WHAT YOU WILL DO: Images are not part of the copy; transcribe all the data exactly.

━━━━━ DATA BELOW ━━━━━

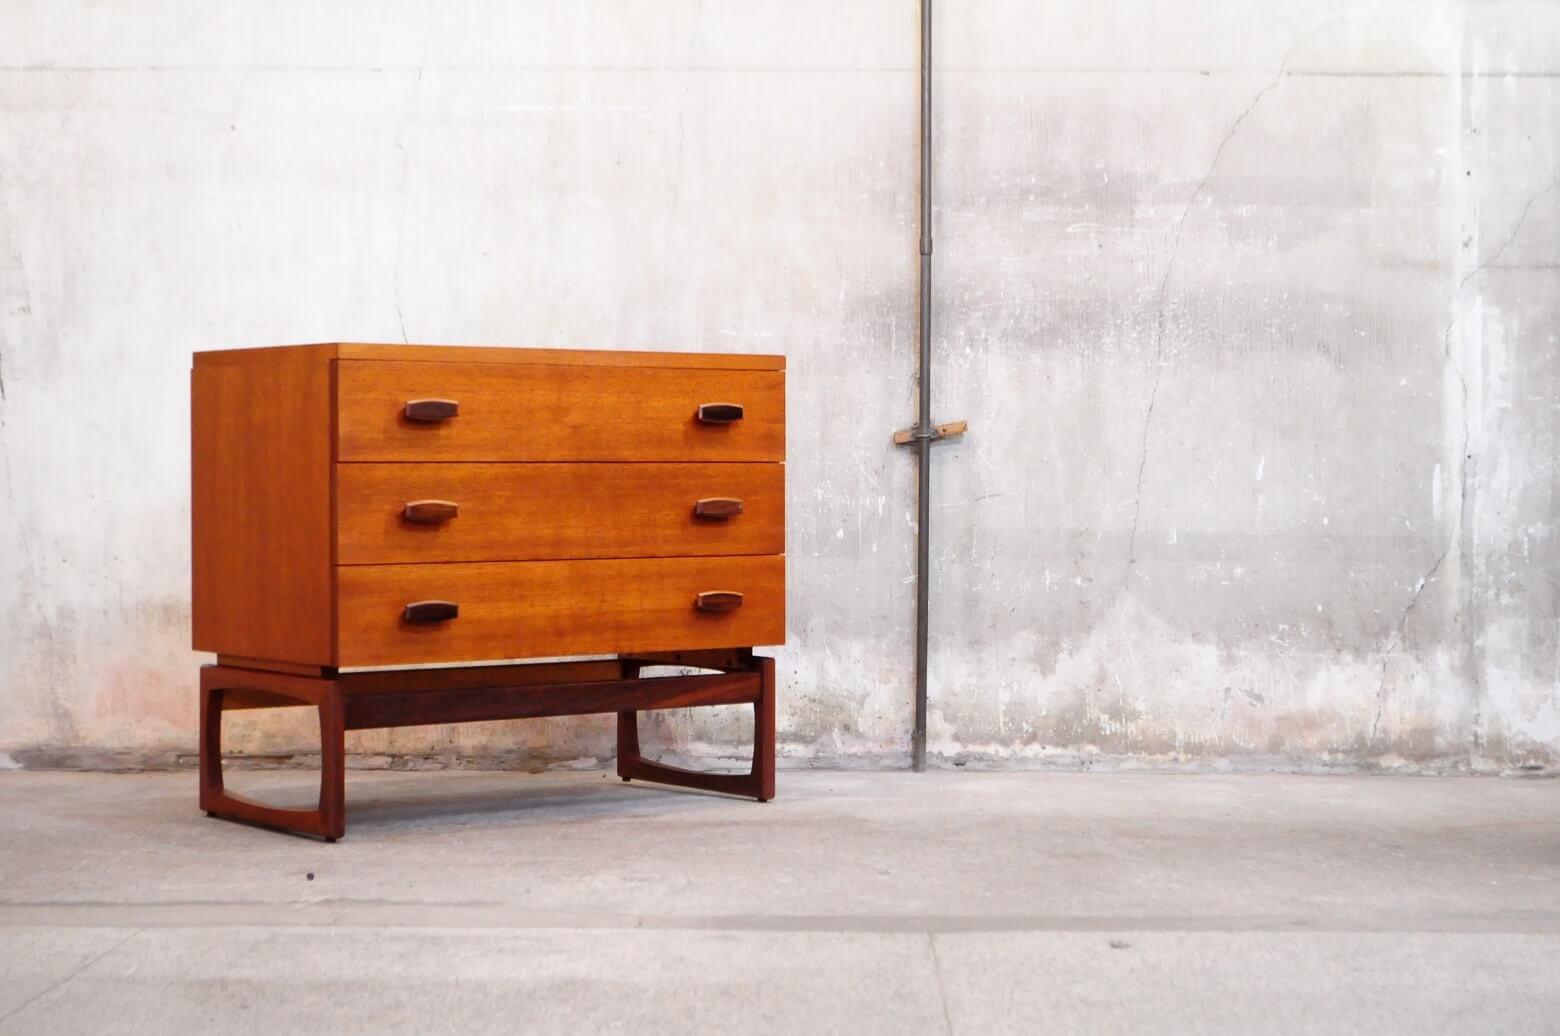 1950年代製ジープラン ビンテージチェストが入荷致しました。 その可愛らしいデザイン、使い勝手に良さで、 歴代の所有者の方たちが大切に保管していたんだろうなぁと 思ってしまうほど今から約70年前のものにしては、状態は良好で 一番上の引き出しには、刻印もしっかりと刻まれております。 北欧家具では、あまり見られないがっしりとした脚ですが 少しアーチを描いて削り出されたカービングで 重たくなりすぎないキャッチーな印象に。 正面から見ると構造上、本体部分が少し浮いているようにも見え 眺めていいるだけでも飽きのこないデザインです用途と致しましては、チェストとしてもはもちろんのこと 一般的なダイニングテーブル天板と同じくらいの高さなので テレビを置いてサイドボード的な立ち位置にも活躍してくれます。 シンプルデザイン、様々なシチュエーションで使えそうなサイズ感で 大変重宝するお品物かと思います。是非この機会にいかがでしょうか。 中古,東京都,杉並区,阿佐ヶ谷,北,アンティーク,ショップ,古一,店,古,一,出張,無料,買取,杉並区,周辺,世田谷区,目黒区,武蔵野市,新宿区,東京近郊,お見積もり,ビンテージ家具,インテリア雑貨,ランプ,USED品, リサイクル,ふるいち,フルイチ,古一,used,furuichi~【東京都杉並区阿佐ヶ谷北アンティークショップ 古一】 古一/ふるいちでは出張無料買取も行っております。杉並区周辺はもちろん、世田谷区・目黒区・武蔵野市・新宿区等の東京近郊のお見積もりも!ビンテージ家具・インテリア雑貨・ランプ・USED品・ リサイクルなら古一/フルイチへ~
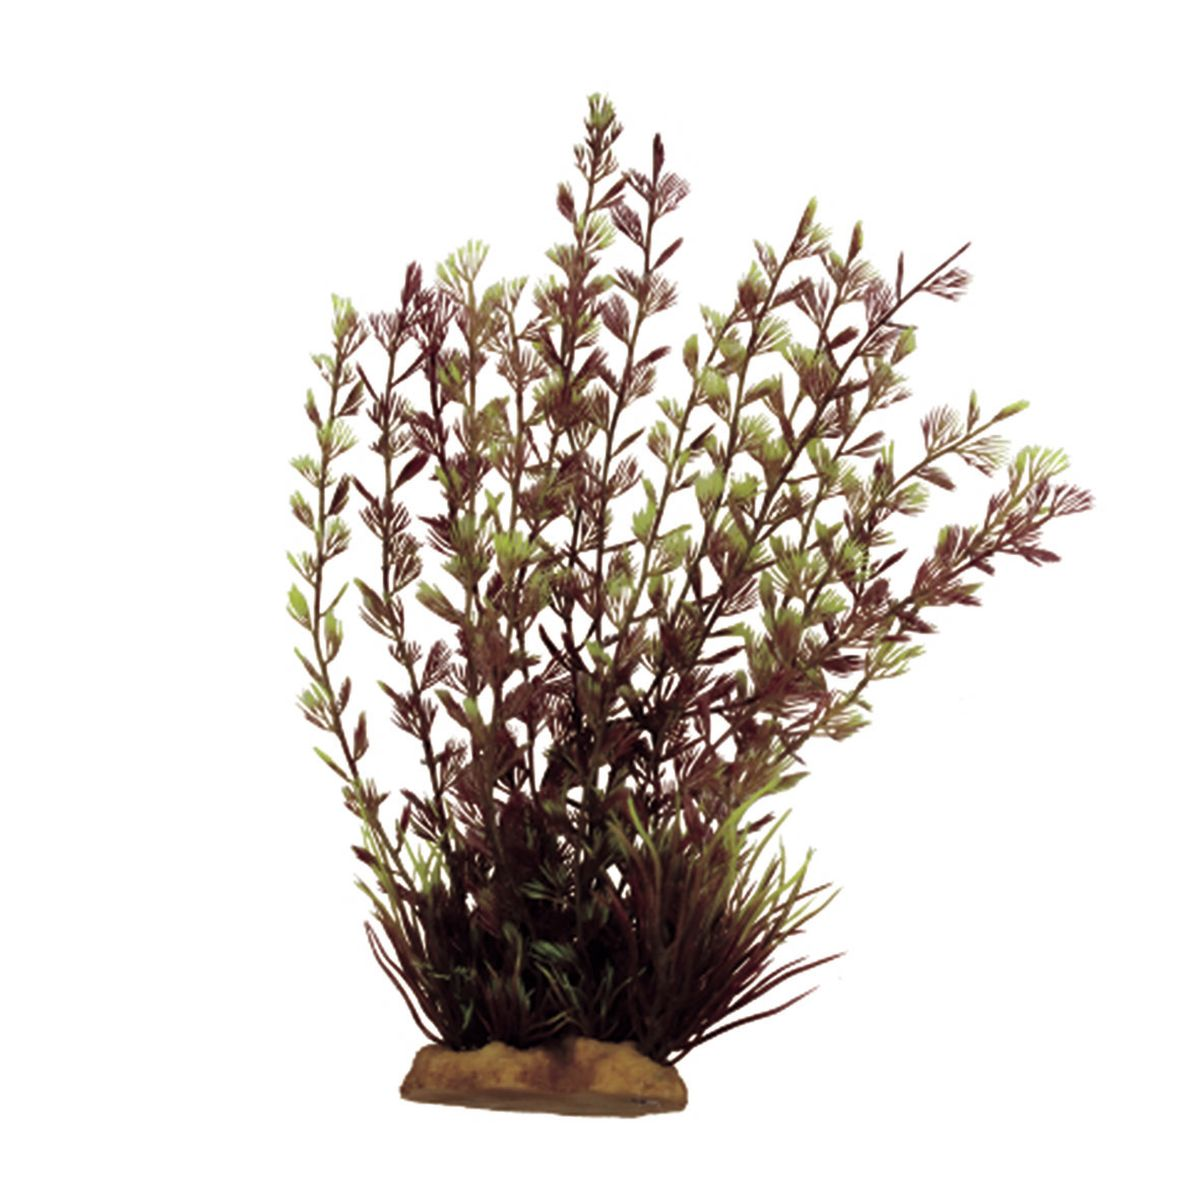 Растение для аквариума ArtUniq Кабомба вильчатая красная, высота 20 см0120710Растение для аквариума ArtUniq Кабомба вильчатая красная, высота 20 см
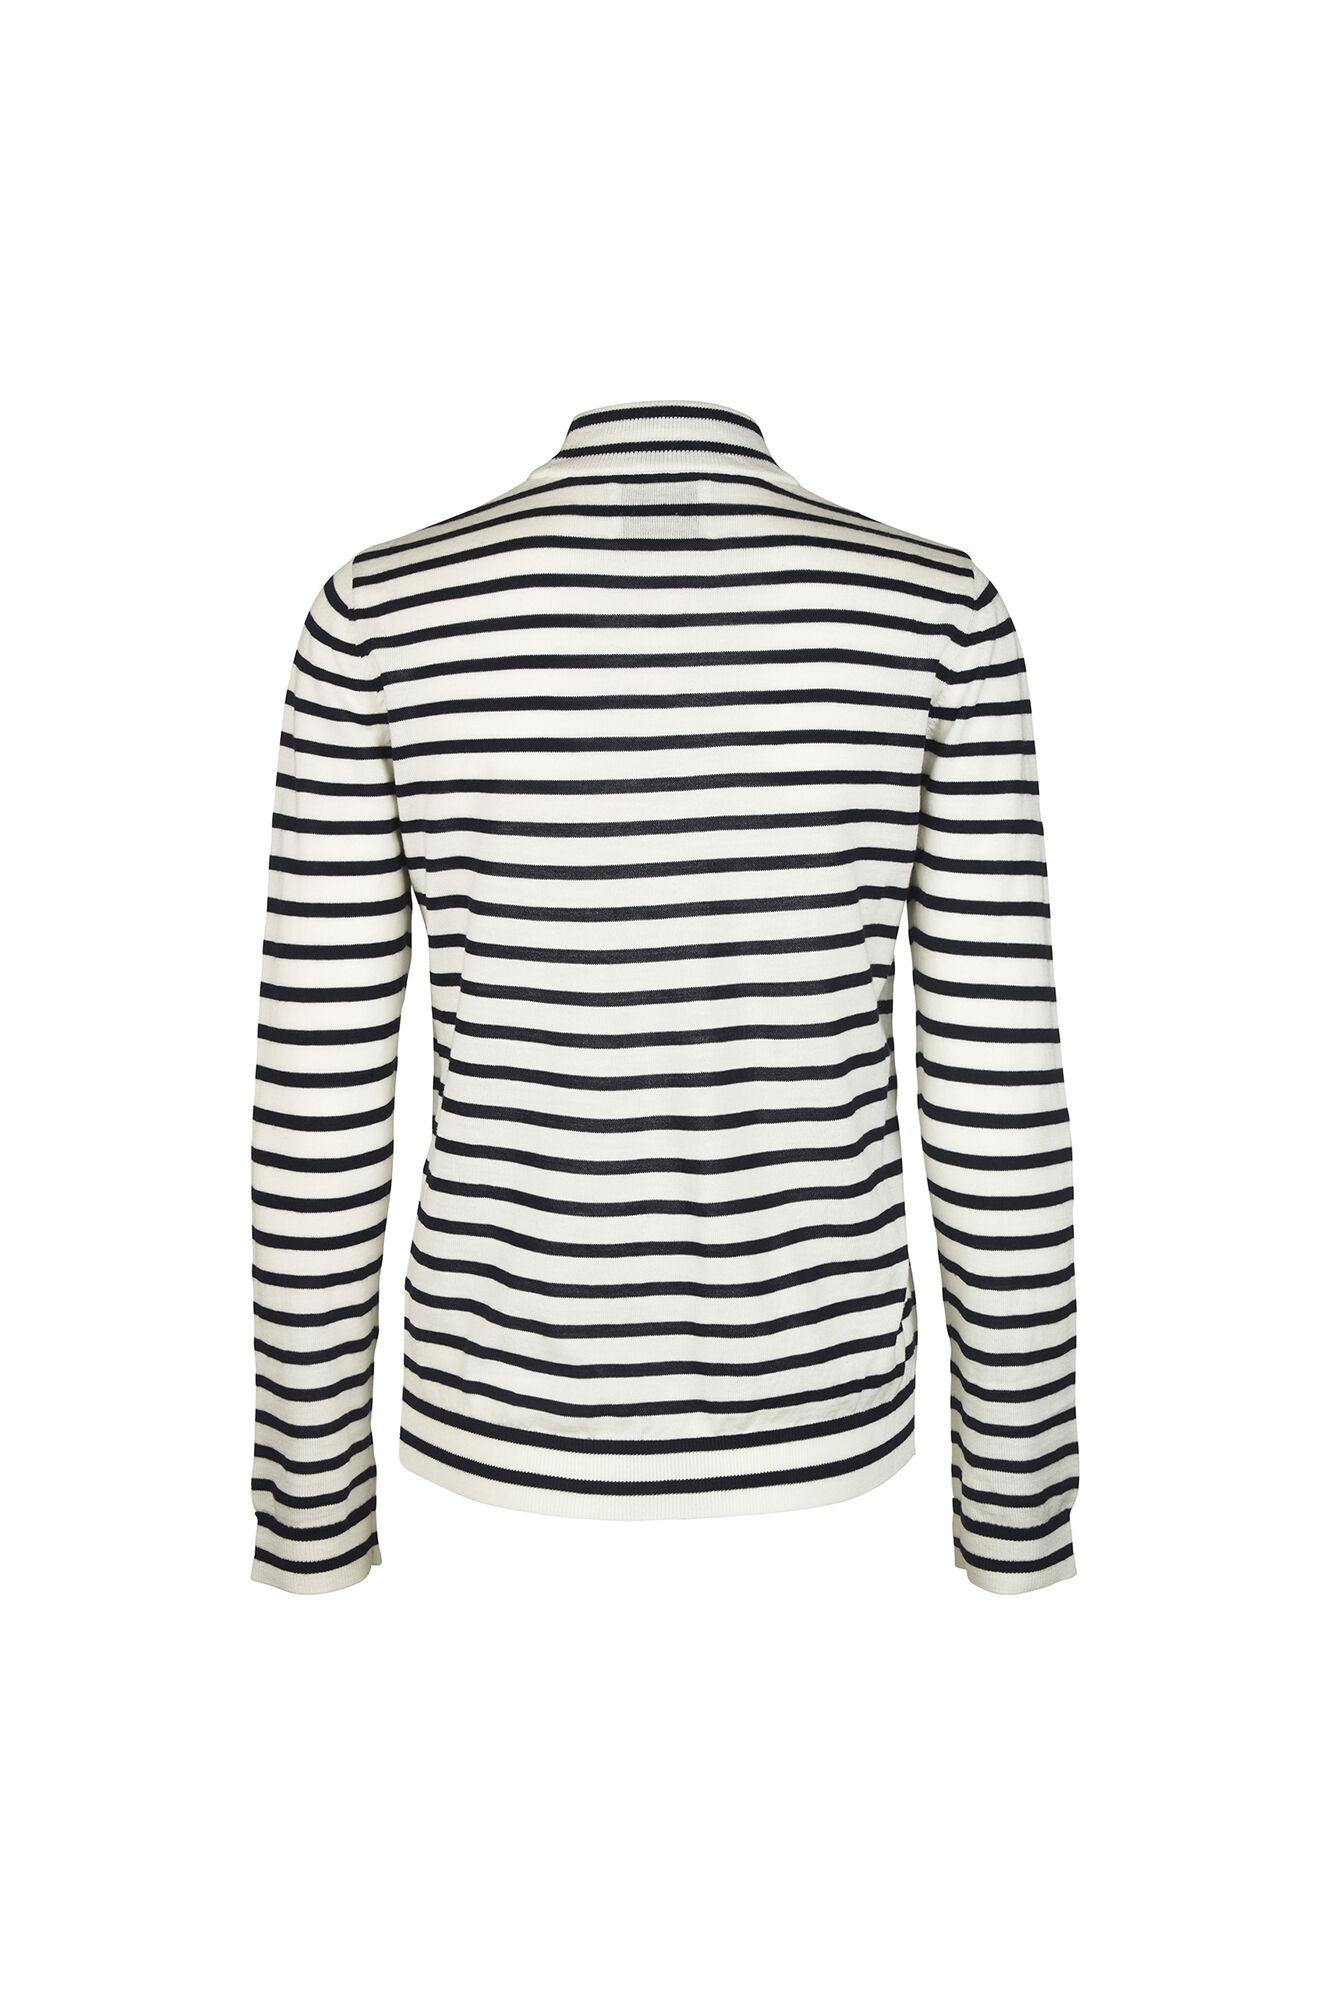 Sanella t-neck stripe 3111, BLUECREAM
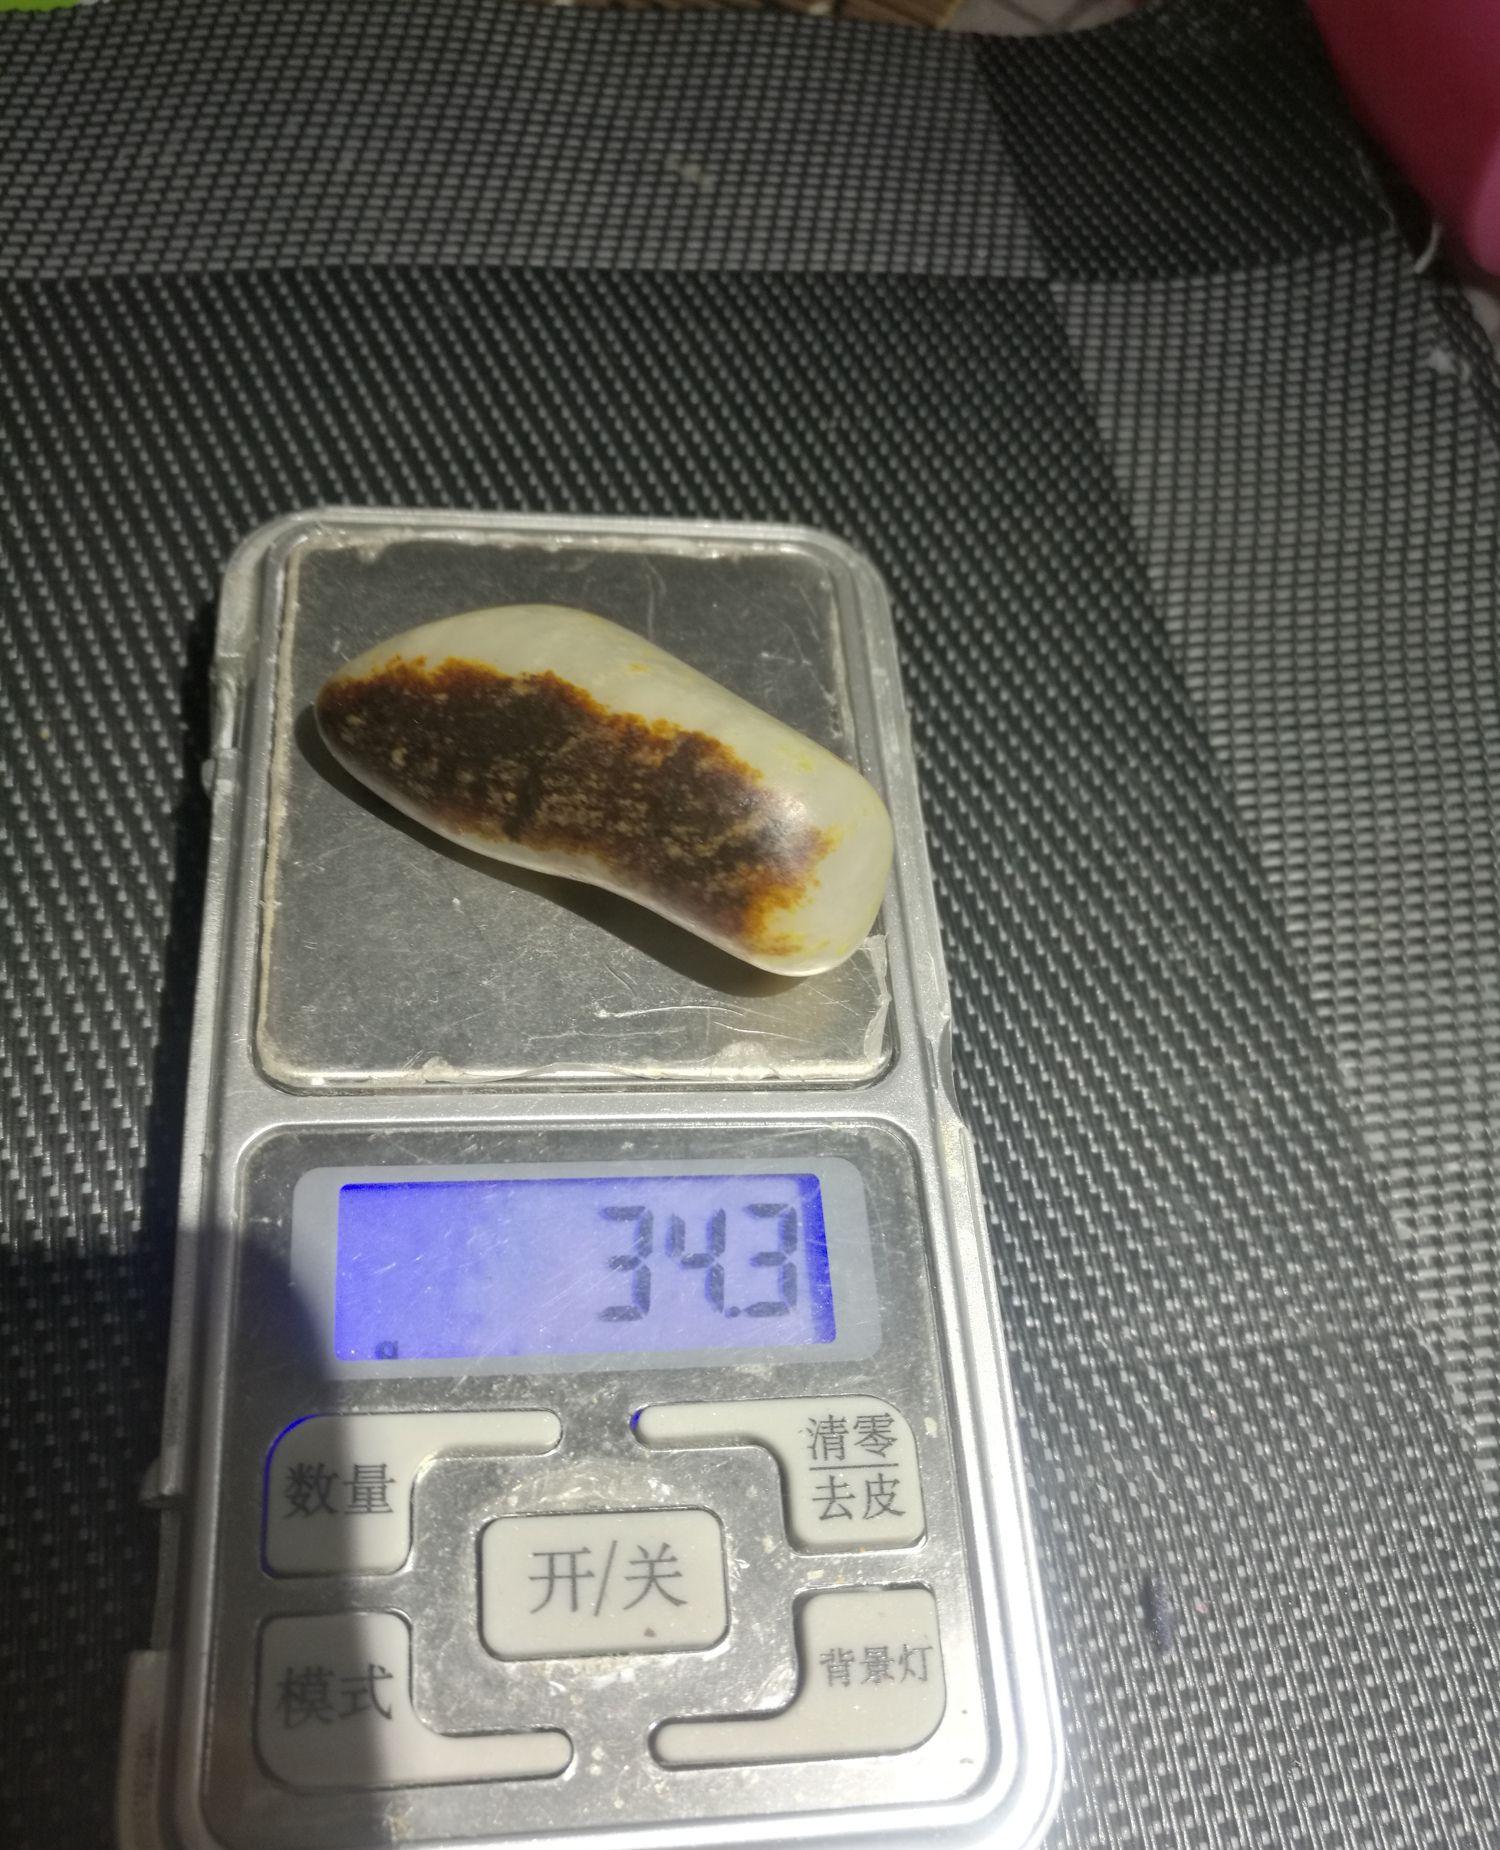 和田玉籽料原石特色品种,雪花玉聚黑油皮

━━━━━

EXERCISE RESULT:
 1950年代製ジープラン ビンテージチェストが入荷致しました。 その可愛らしいデザイン、使い勝手に良さで、 歴代の所有者の方たちが大切に保管していたんだろうなぁと 思ってしまうほど今から約70年前のものにしては、状態は良好で 一番上の引き出しには、刻印もしっかりと刻まれております。 北欧家具では、あまり見られないがっしりとした脚ですが 少しアーチを描いて削り出されたカービングで 重たくなりすぎないキャッチーな印象に。 正面から見ると構造上、本体部分が少し浮いているようにも見え 眺めていいるだけでも飽きのこないデザインです用途と致しましては、チェストとしてもはもちろんのこと 一般的なダイニングテーブル天板と同じくらいの高さなので テレビを置いてサイドボード的な立ち位置にも活躍してくれます。 シンプルデザイン、様々なシチュエーションで使えそうなサイズ感で 大変重宝するお品物かと思います。是非この機会にいかがでしょうか。 中古,東京都,杉並区,阿佐ヶ谷,北,アンティーク,ショップ,古一,店,古,一,出張,無料,買取,杉並区,周辺,世田谷区,目黒区,武蔵野市,新宿区,東京近郊,お見積もり,ビンテージ家具,インテリア雑貨,ランプ,USED品, リサイクル,ふるいち,フルイチ,古一,used,furuichi~【東京都杉並区阿佐ヶ谷北アンティークショップ 古一】 古一/ふるいちでは出張無料買取も行っております。杉並区周辺はもちろん、世田谷区・目黒区・武蔵野市・新宿区等の東京近郊のお見積もりも!ビンテージ家具・インテリア雑貨・ランプ・USED品・ リサイクルなら古一/フルイチへ~
 Растение для аквариума ArtUniq Кабомба вильчатая красная, высота 20 см0120710Растение для аквариума ArtUniq Кабомба вильчатая красная, высота 20 см
 Sanella t-neck stripe 3111, BLUECREAM
 和田玉籽料原石特色品种,雪花玉聚黑油皮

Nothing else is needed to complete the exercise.